2ー1・本社の集い
毎日が絶望の日々だった。
変わらない心情に、変わらない毎日。
素足で厳冬の肌寒さを感じながら呆然と歩き続ける。
歩き続けたとしても其処には、終焉はない。
けれど、
厳冬の寒さを歩く少女の心に居座った言葉。
『風花が強く変わらないと、何も変わらないよ』
かつて、誰かから言われた言葉。
もう誰から言葉を受けたのか、忘れてしまったけれど。
(私が、何か行動を起こせば、何か変わるのかしら?)
ある日、アルビノの少女を拾った。
ある日、自殺直前にいた青年を引き留め、連れてきた。
何故、連れて来てしまったのかは自分自身でも分からない。
けれど何処かで変化を求めていたのかも知れない。
だが。
(結局、何も変わらなかった)
何も変わらなかった。
少女を巻き込み、青年を巻き込み、己の手で壊す事しか出来ない。
風花は壊す事しか出来ないのだと悟り、元の場所に還った。
_____極寒の、北條家に。
温かみの一つのない、
全てが凍り付いてしまいそうな冷たい世界。
孫娘だという立場であろうと、拾われた孤児としか思われない世界。
兄が死んだ瞬間に、自分の存在すら棄てた。
“信濃風花”は、双子の兄が死んだ瞬間に
”北條風花”という感情を失った屍になったに過ぎない人形だ。
ただの、北條厳造の操り人形。
そうだった筈だ。
北條家、会社の懇親会という集い。
鮮やかな淡い光り。
本社のホールに溢れるのは、熱気と活気。
労いと称したこの宴は、人がわいわいと酒を楽しんでいる。
そんなホールの片隅には、
濃灰色ワンピースに身を包んだ黒髪の彼女がいた。
「………浮かない顔だね」
上から降ってきた
温かみのある声に、風花ははっと我に返った。
視線を声の主に向けると、距離を保って秀明が心配そうに此方を見詰めている。
「……ご心配、ありがとうありがとうございます。
………私は大丈夫です」
「そう?」
端正な淡い上品な顔立ち。
細身のスーツを着こなした婚約者同士の姿は、
まるでモデルの様だった。
二人が婚約者と知っている人々は
並んで立つ、美男美女に思わず見惚れてしまう程の美しい。
(………顔に出てしまったのかしら)
数時間前、花屋に寄って出会ったのは、芽衣。
自分から縁切りしてしまった少々を傷付けてしまった事は引け目に感じている。
(……芽衣は、何も悪くないのに)
7年前、何も言わずに姿を消したのは自分自身だ。
傷付けてしまった上に今更、合わせる顔なんて何処にもない。
またもし出会ったとしても、傷付けてしまうだけだ。
北條厳造もこの席に現れているが、
その代理人であり孫娘である北條風花も出席している。
厳造はヘルパーと共に。
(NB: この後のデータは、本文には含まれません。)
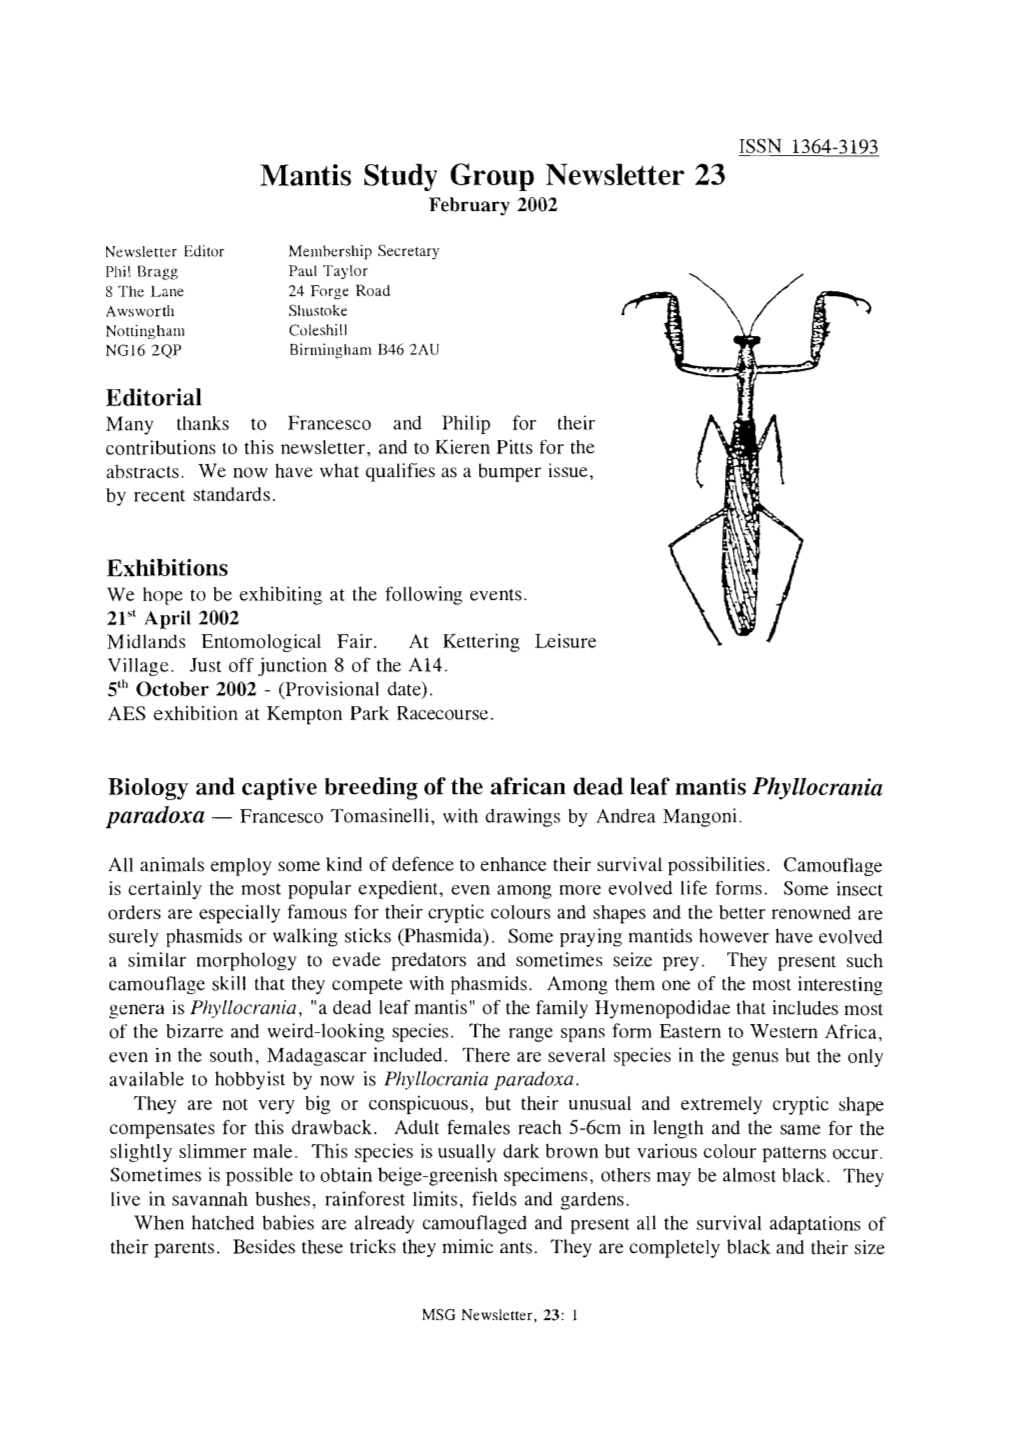 Mantis Study Group Newsletter, 23 (February 2002)

距離を置いて、風花と秀明、
そして秀明の父親であり、厳造の手下である孝義も参加していた。
ただ一つ。彼女と彼らは、
集いの宴から一歩、引いて置かれたテーブルにいる。
やはり家元として特別に用意された為か、北條家のグループと存在感を示す為か。
秀明から贈り物のネックレス。
あれから無意識に羽根のチャームに、触れている機会が多くなった。
無意識に風花は、
羽根のチャームに触れてぼんやりとしている。
(なんだか、落ち着いたしまう)
呆然と、羽根のチャームに触れている風花に気付いた
秀明は、頬を緩ませて嬉しくなる。
「ネックレス、気に入って貰った様で良かったよ」
「………ありがとうございます」
「ネックレス、似合ってる。風花、綺麗だよ」
集いの熱気が帯びてきて、ますます宴は進む。
ぼんやりと見詰める最中、風花は目を伏せた。
あまり人混みが多い場所は、苦手だ。
少し沈んだ表情を見せる風花に、
「あの、厳造様」
秀明の一声に、厳造は視線だけ傾ける。
優しく凛とした面持ちは、真っ直ぐな視線を捉えている。
微笑みながら言う。
「風花と、
少し散歩をして来ても宜しいでしょうか?」
「…………」
(良かろう。婚約者と知らしめねば)
厳造は、こくりと頷いた。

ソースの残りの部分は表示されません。